Wednesday, 18 April 2018: 4:30 PM
Masters ABCD (Sawgrass Marriott)
Nadia Bloemendaal, Vrije Universiteit, Amsterdam, Netherlands; and S. Muis, R. Haarsma, M. Irazoqui Apecechea, M. Verlaan, H. de Moel, P. J. Ward, and J. C. J. H. Aerts

We analyze the suitability of ECMWF Integrated Forecasting System (IFS) for storm surge hindcasting. This is done by extracting meteorological forcing (U10, MSLP) from IFS at 0.225° horizontal resolution for eight historical tropical cyclones (TCs), and simulating storm surges using the Global Tide and Surge Model.
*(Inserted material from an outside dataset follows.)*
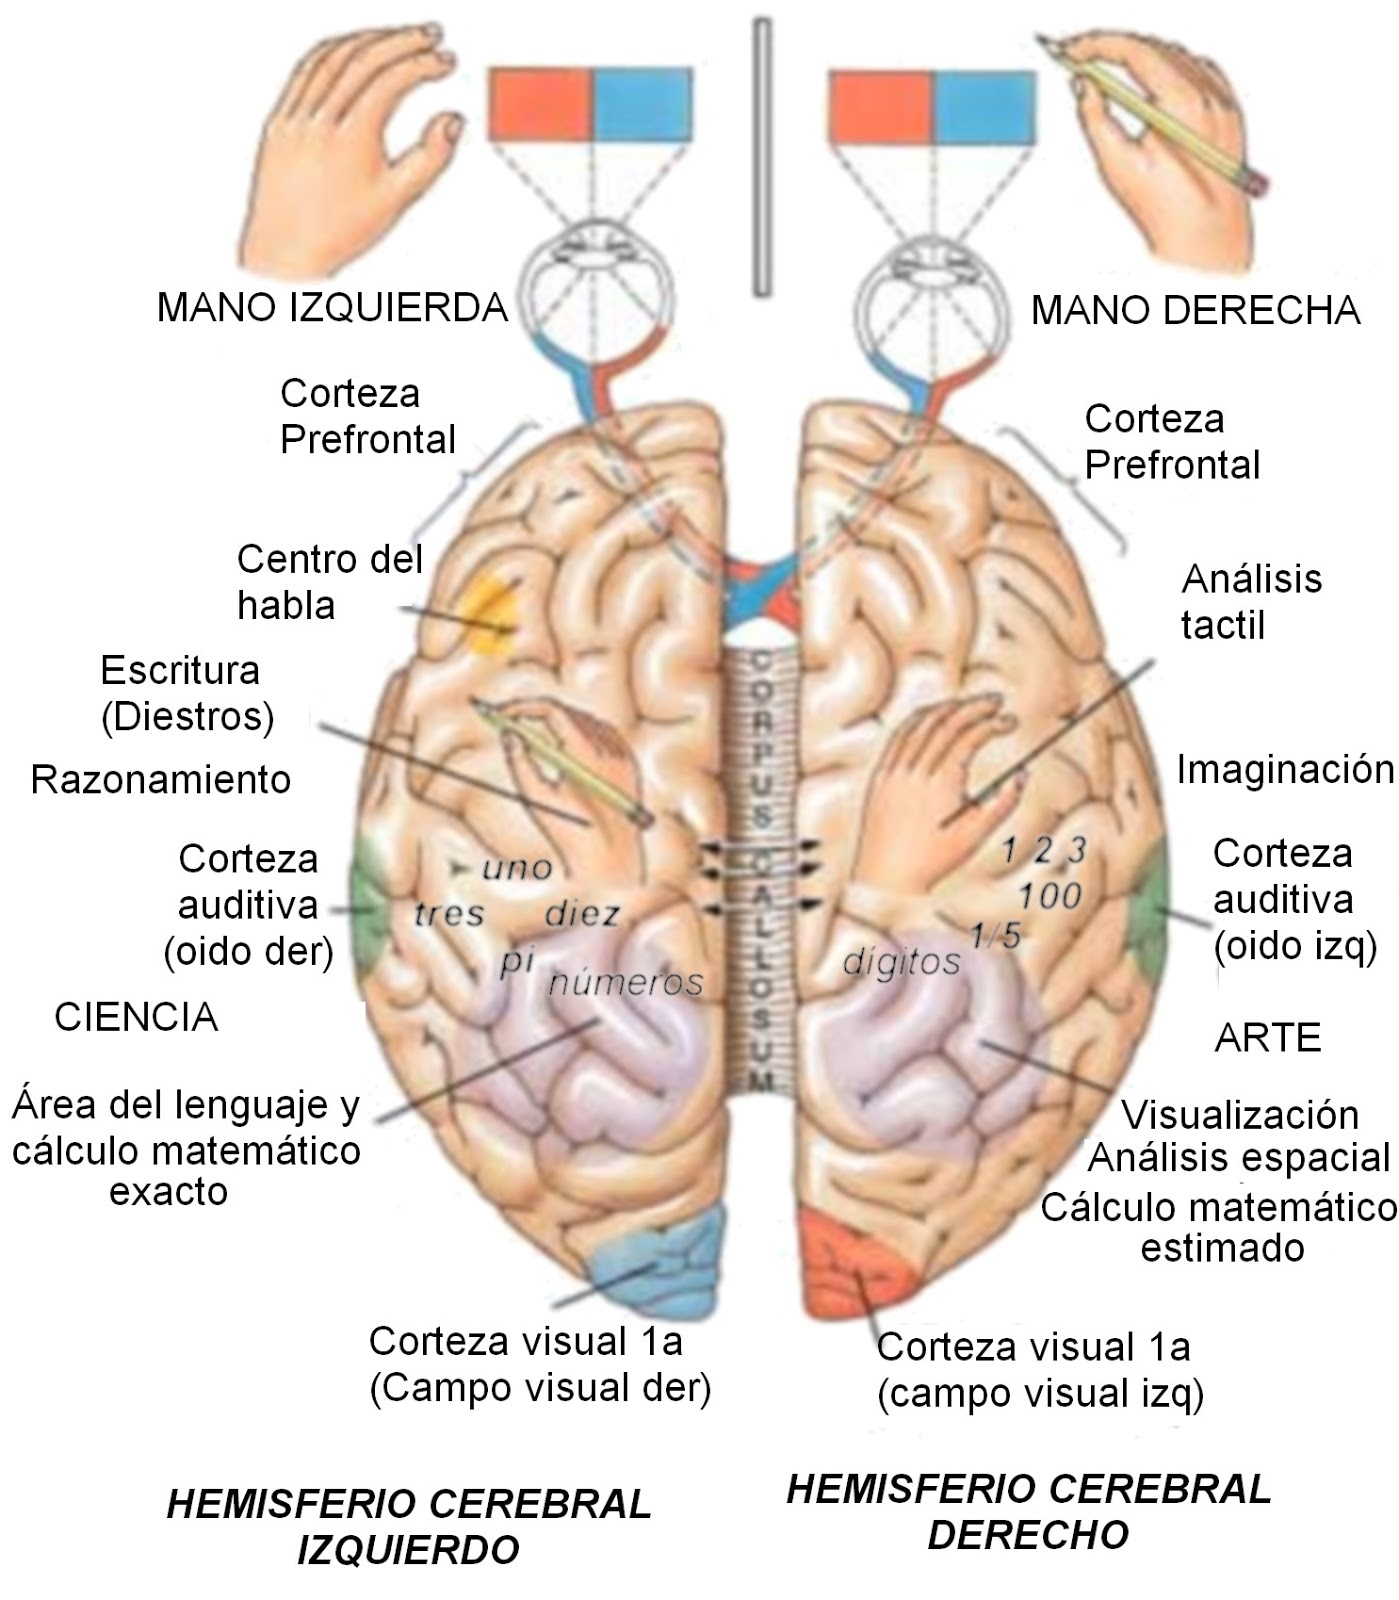 Hemisferio derecho e izquierdo y sus funciones

We validate U10 and MSLP of ECMWF IFS against IB-TrACS data and maximum surge heights are validated using tide gauge data and/or other literature. In general, there is good agreement between modeled and observed U10 and MSLP. However, maximum intensities in small TCs (such as Haiyan and Patricia) are underestimated due to the horizontal resolution of IFS. Modeled maximum surge heights seem to be well in line with observations and literature, with R2=0.90 for Sandy and R2=0.91 for Irma.

We also discuss the effect of horizontal resolution of meteorological forcing on maximum surge heights. This is carried out by upscaling the meteorological forcing from 0.225° to coarser resolutions up to 1.0°. For all TCs, TC intensity is decreased in coarser resolution datasets, resulting in lower maximum surge heights. In addition, reductions are larger for larger maximum surge heights. Moreover, results suggest that coastal slope and coastline complexity may affect surge heights at coarser resolutions more than TC size. For relatively simple coastlines (fractal dimension < 1.10), the reduction in maximum surge height is 0.02 – 0.17 m (10-34%) when using 1.0° resolution forcing compared to 0.225° resolution forcing. For more complex coastlines, reductions exceed 0.5 m, up to 1.24 m for Irma. This suggests that particularly along complex coastlines, high resolution meteorological forcing results in the more adequately modeling of storm surges.